|
|
|
|
|
by bko
2 days ago
|
|
I have come around to gold. Money shouldn't be dual purposes, we should apply single responsibility principal. Money should refer to some stable (albeit slightly growing by nature) account of measure. Prices should get cheaper. That's a progress dividend. We get better at growing food every year, why shouldn't food get cheaper? Imagine a world in which prices regularly go down. You're a passive beneficiary of technological progress. The argument that prices can't get cheaper or [bad thing will happen] was never very convincing to me. Prices already do get cheaper for large swaths of the economy that have technological progress grow faster than money supply. Cell phones are rapidly depreciating. You can wait 6m to a year and get a significant discount on the latest iPhone version. People don't stop buying iPhones, and Apple doesn't stop investing in iPhones. This is even more true w/ AI models.

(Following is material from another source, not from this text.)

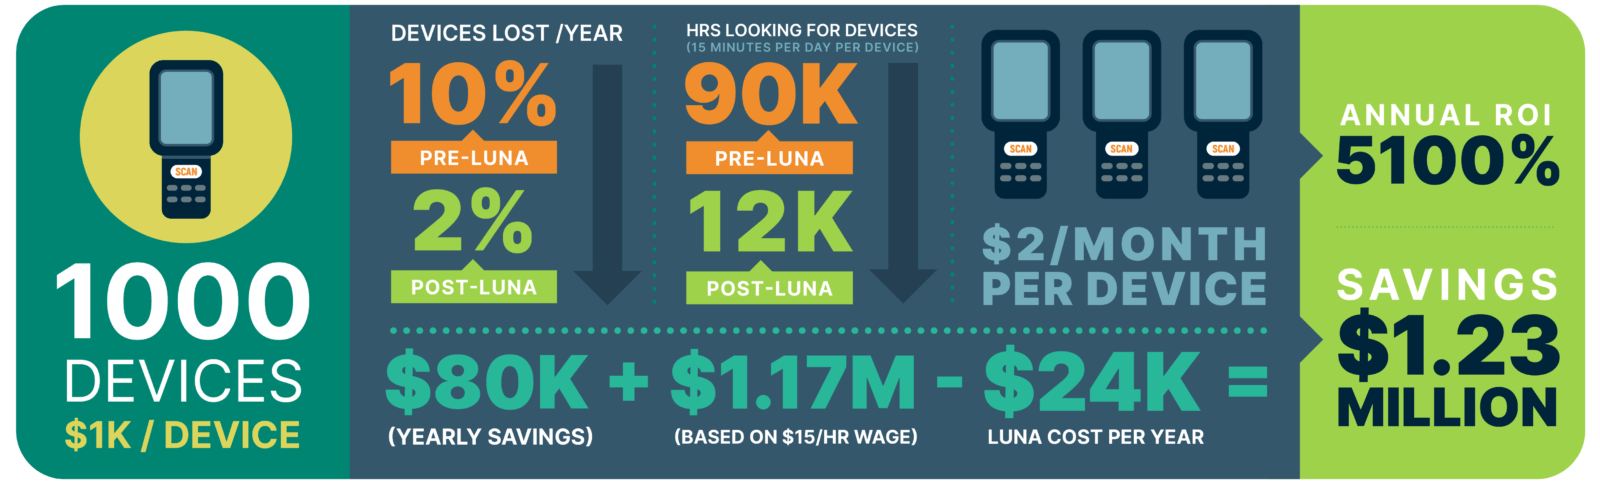 Luna Device Tracking ROI Infographic

Investors/companies are burning billions to build tech that will only get cheaper and obsolete in years if not months. So if you were to try to convince me that deflation would reduce investment or spending, tell me why this doesn't apply to tech products that get cheaper every year. |
|
That world results in a lot of people individually deciding "why buy now, when I can buy for less later" and sitting on their money.
That in aggregate makes the economy much worse.
You're up against human nature here. Money may be an arbitrary numerical denomination of value, but people's behavior around it and how that affects the economy at large need to be accounted for. Having prices slowly creep upwards over time (low inflation) tends to result in more, better things sooner.